PROBLEM.
Which lines run from the line with "Callanwolde-Fine-Arts-Center Wedding Atlanta" through the line with "農夫構想する夕暮れ【第2類医薬品】大正漢方胃腸薬 48包" in the entries below? Print them exactly, both ends included, and nothing more.

··· RECORDS SHOWN ···

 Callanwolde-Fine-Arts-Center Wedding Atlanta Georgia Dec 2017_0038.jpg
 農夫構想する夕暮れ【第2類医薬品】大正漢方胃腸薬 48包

···
··· RECORDS SHOWN ···

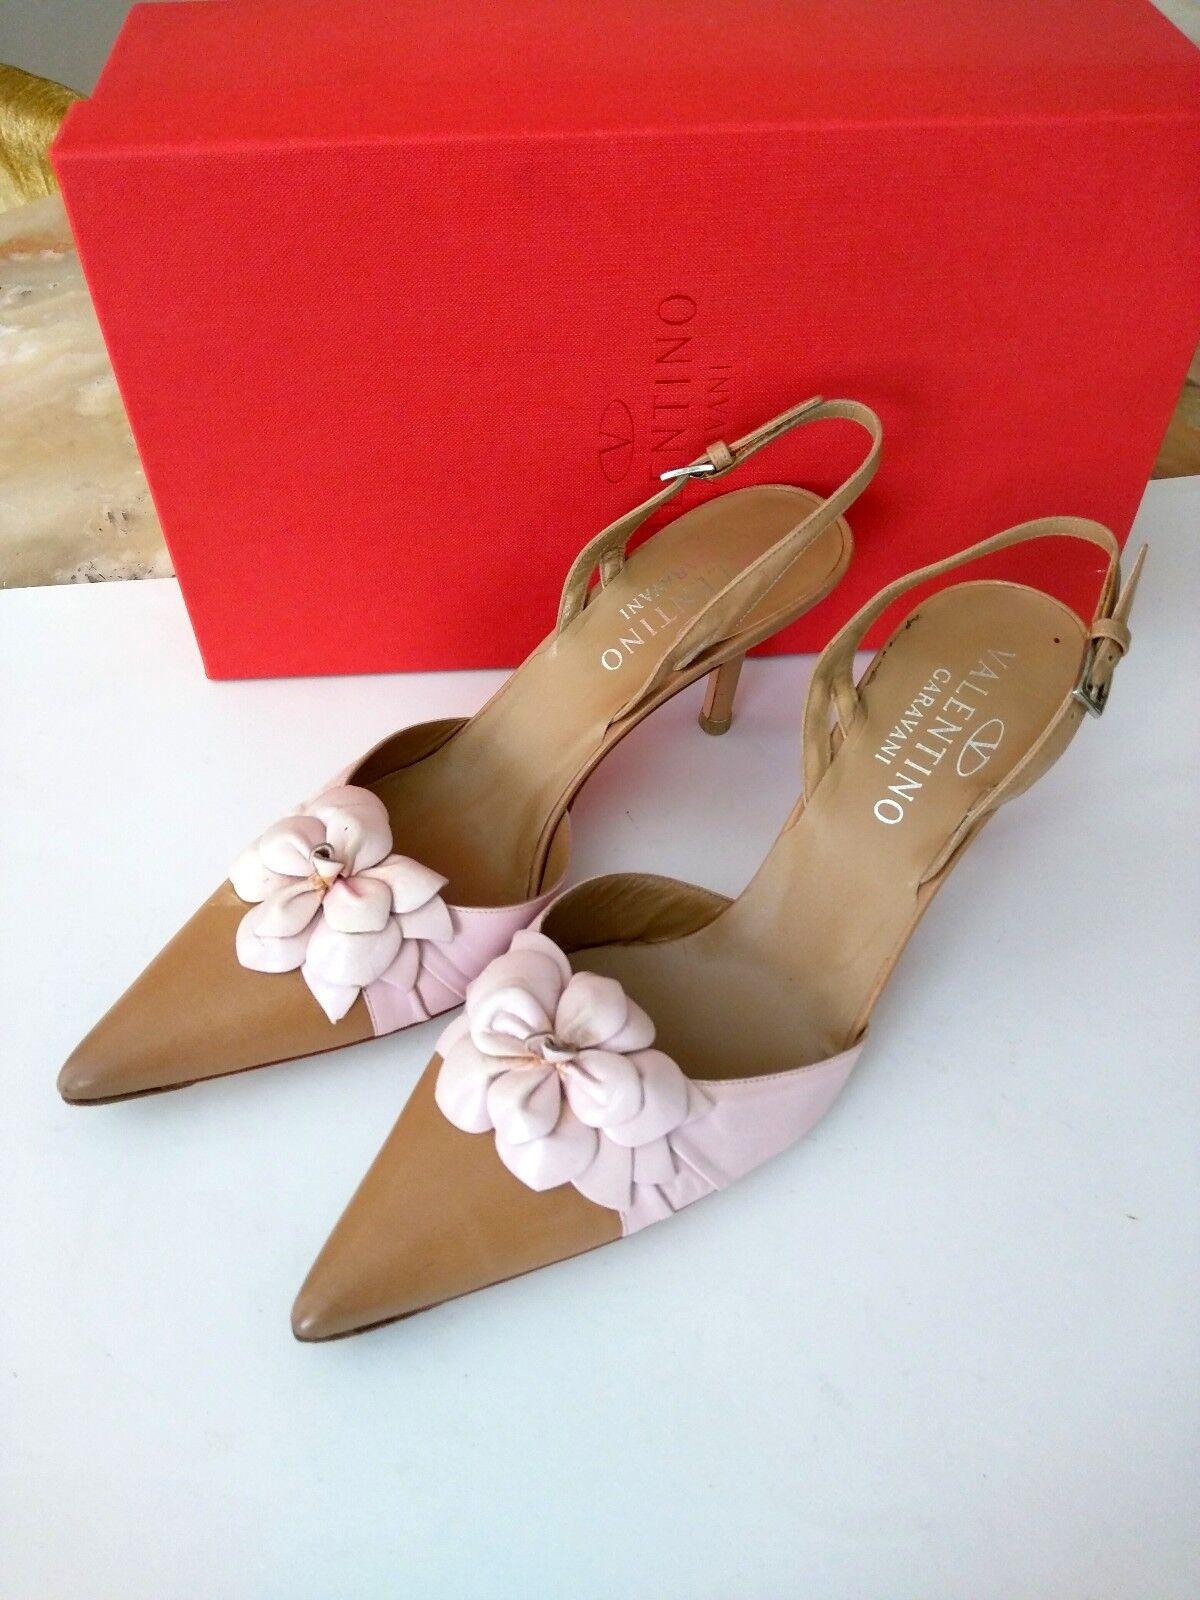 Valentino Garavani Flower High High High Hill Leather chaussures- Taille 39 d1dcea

···

ANSWER FOR THE TASK.
 Callanwolde-Fine-Arts-Center Wedding Atlanta Georgia Dec 2017_0038.jpg
 農夫構想する夕暮れ【第2類医薬品】大正漢方胃腸薬 48包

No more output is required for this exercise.